## What the task requires
Your output is to hold only the lines from the one showing "10 Pcs 5x9x3" through the end of the listing, exactly, with every picture excluded.

## Given information
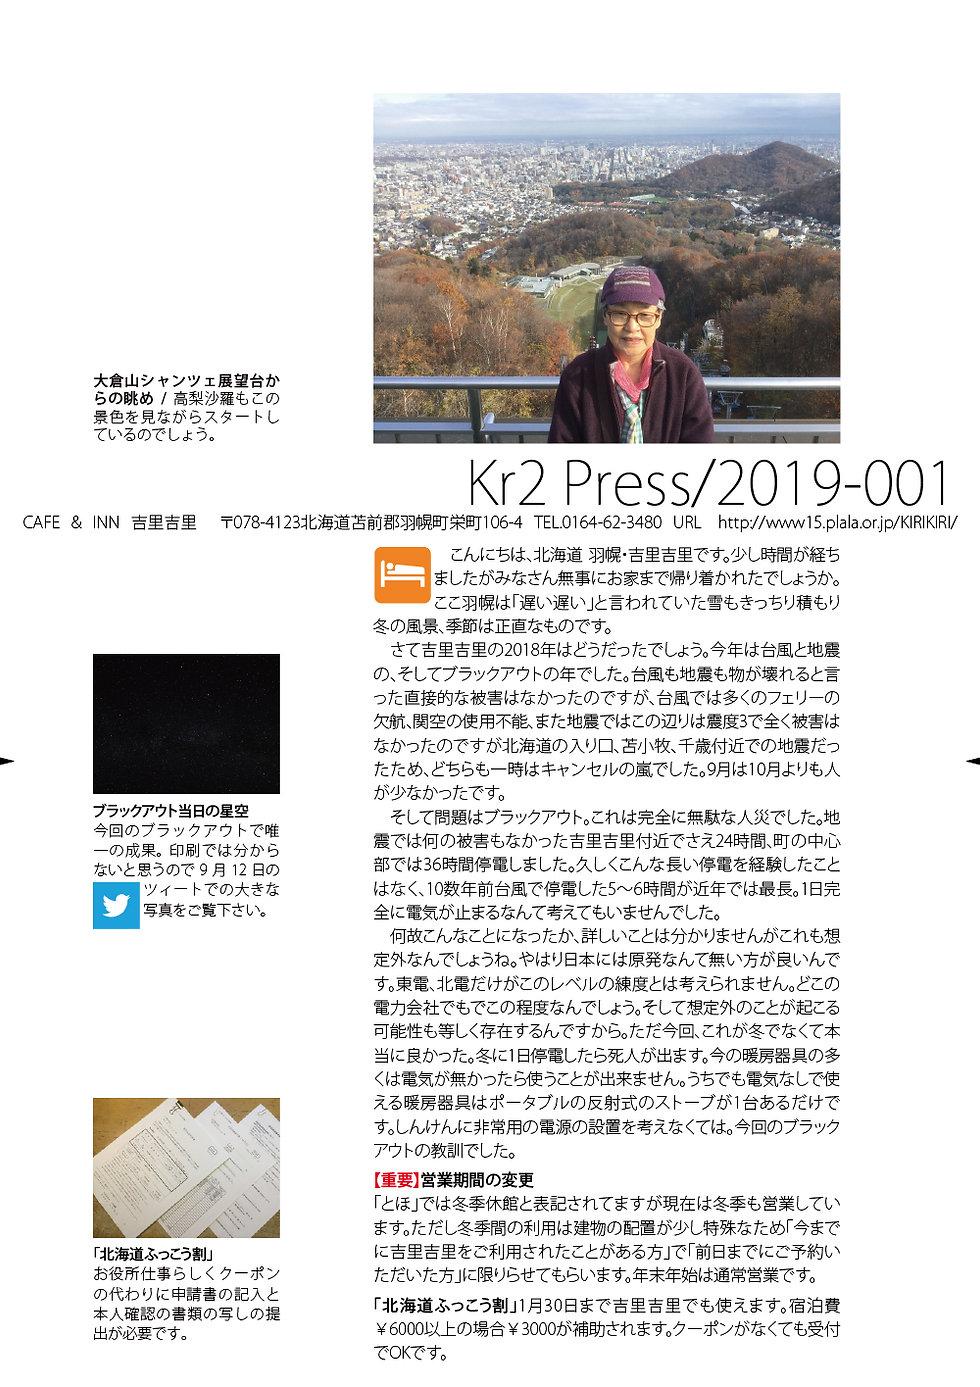 2019Kr2Press01.jpg
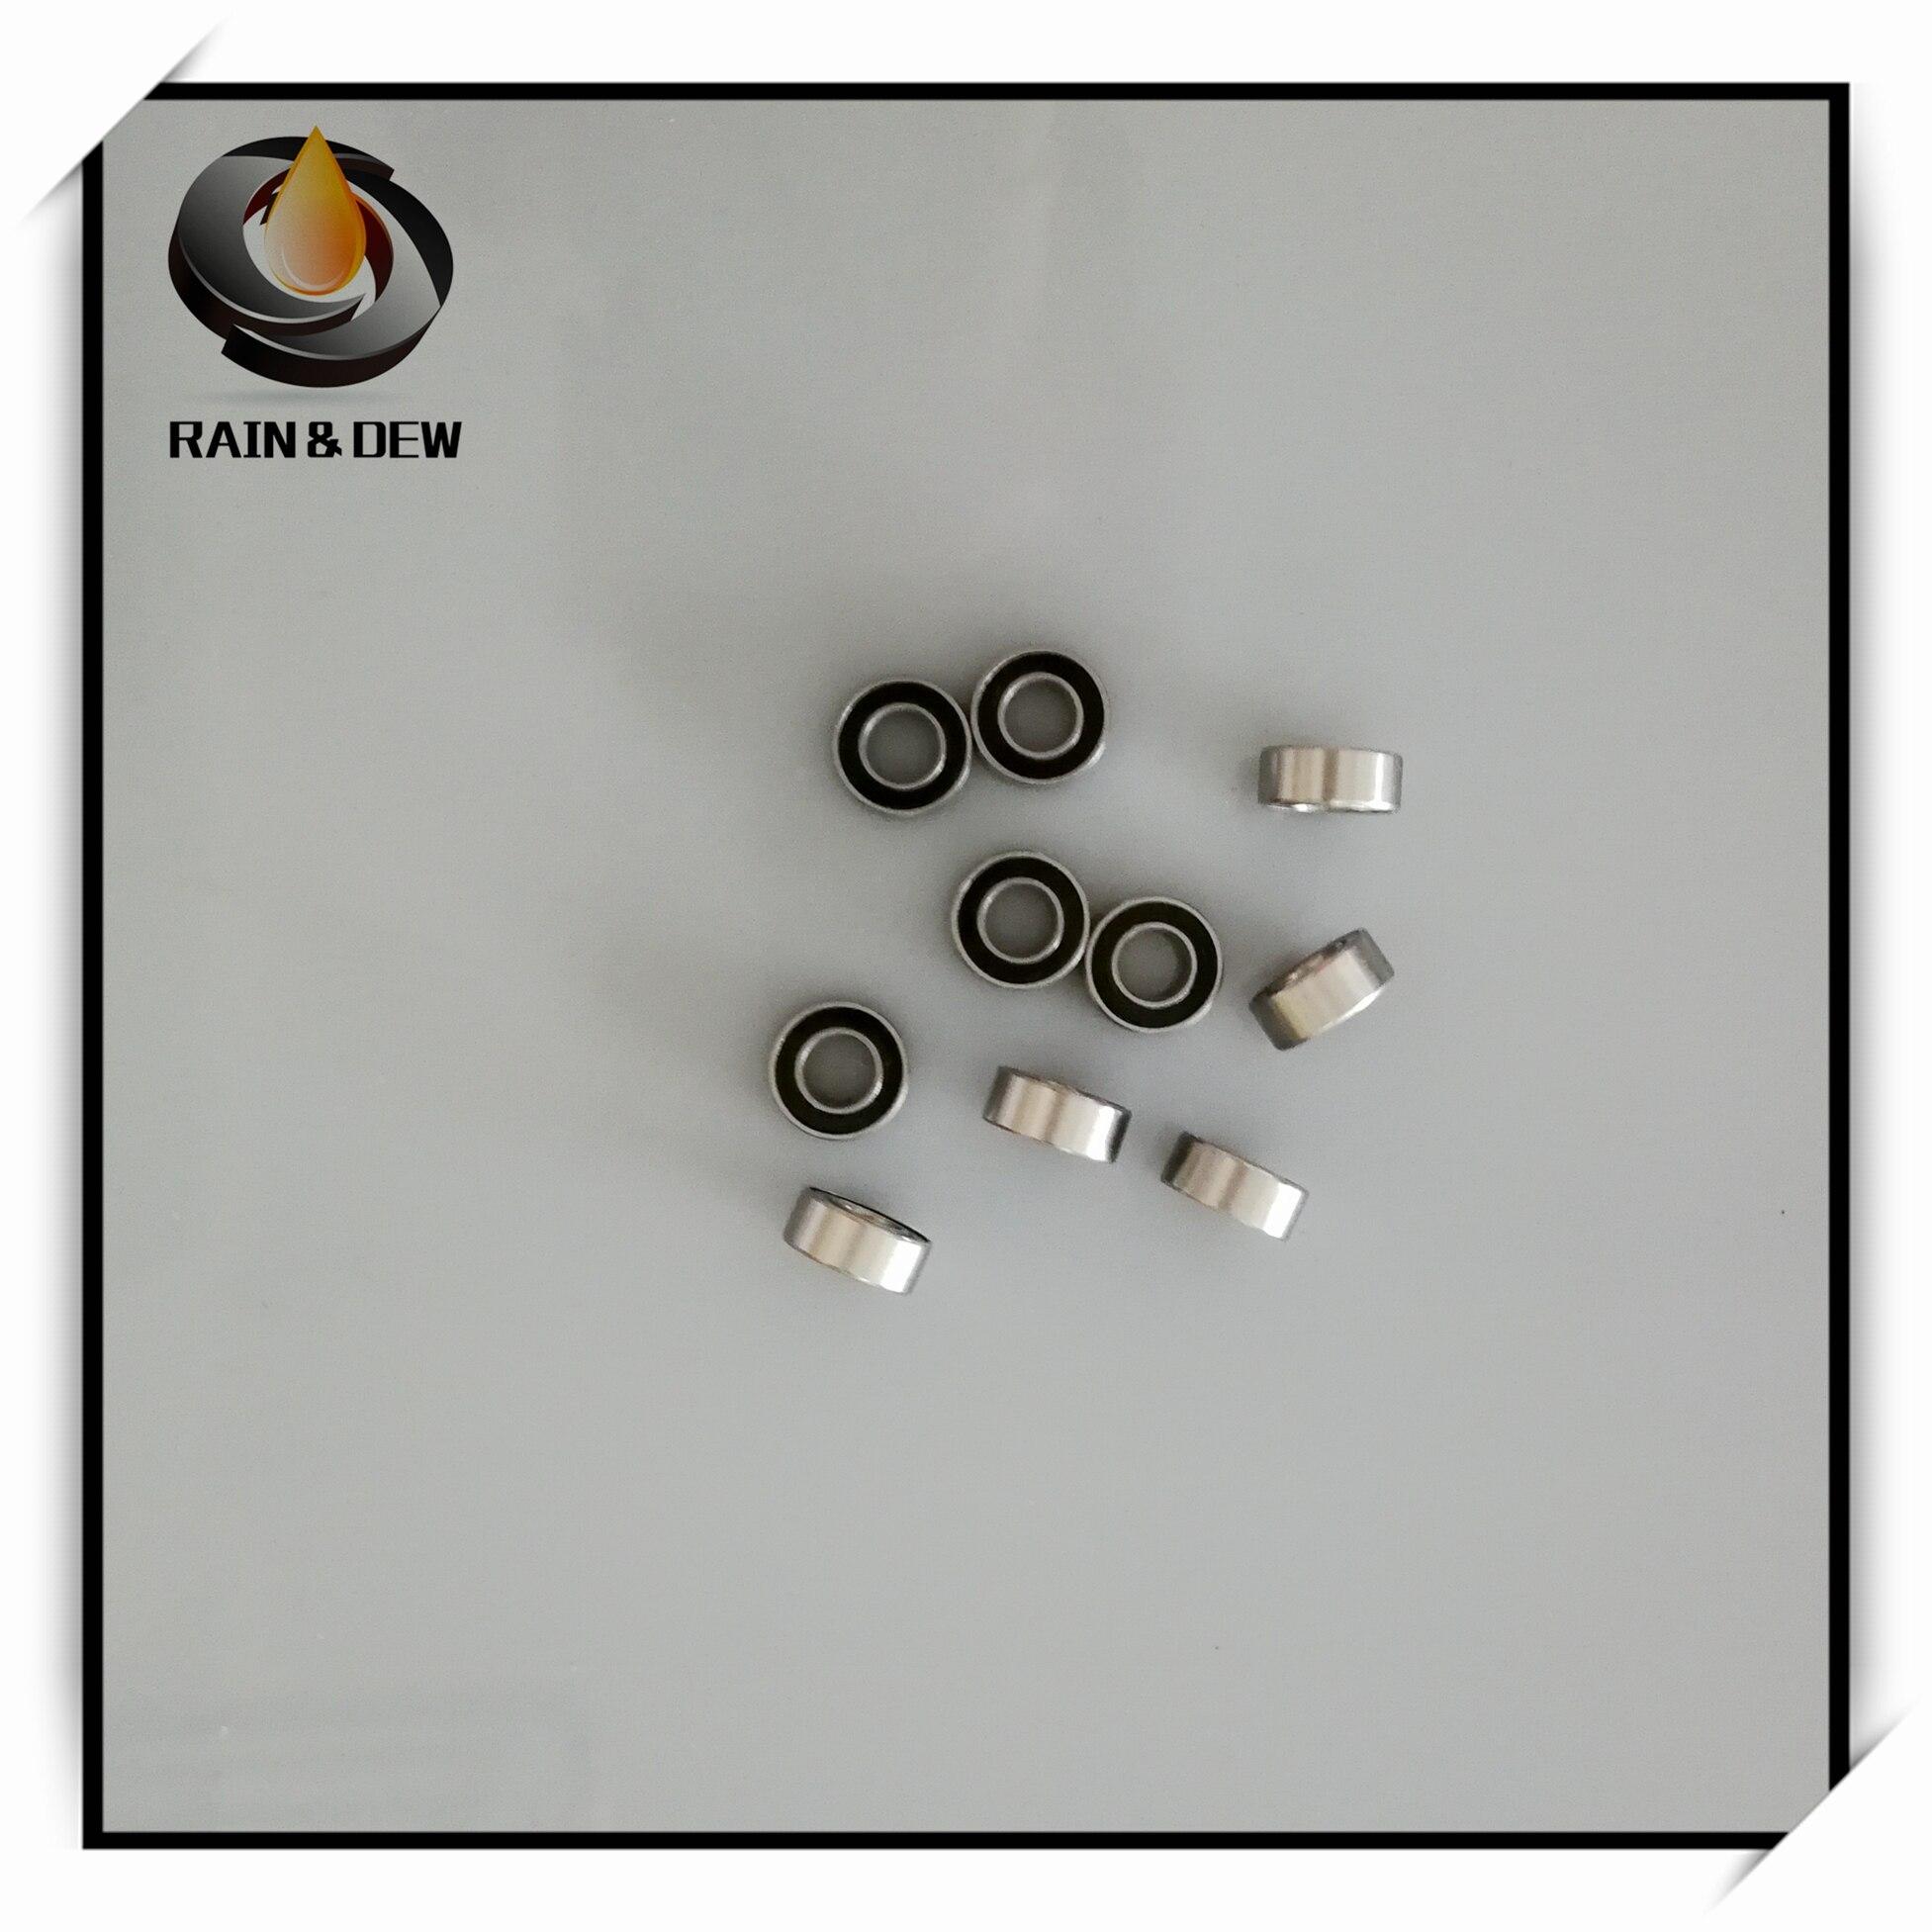 10 Pcs 5x9x3 Mm Ball Bearing SMR95 2RS   Stainless Steel Bearing SMR95-2RS ABEC-7 Anti-rust Bearing MR95 Miniature Ball Bearing
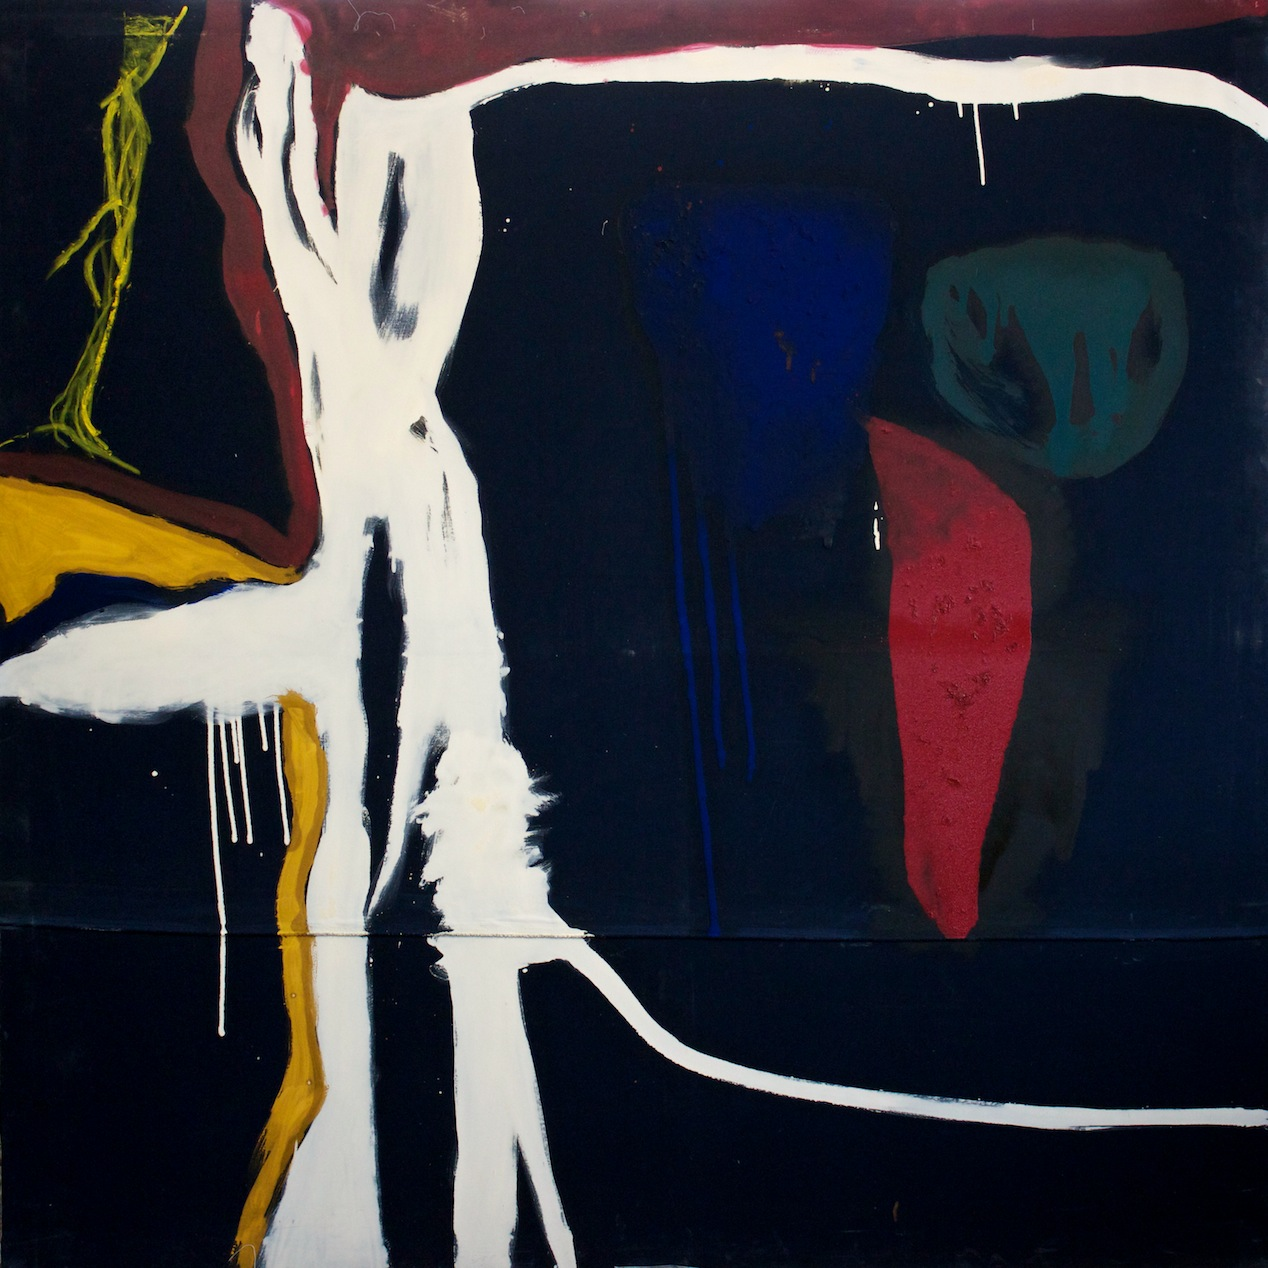 Marcello Mariani - Forma Archetipa - Oil and mixed media on canvas - 2012

## Result
 10 Pcs 5x9x3 Mm Ball Bearing SMR95 2RS   Stainless Steel Bearing SMR95-2RS ABEC-7 Anti-rust Bearing MR95 Miniature Ball Bearing
 Marcello Mariani - Forma Archetipa - Oil and mixed media on canvas - 2012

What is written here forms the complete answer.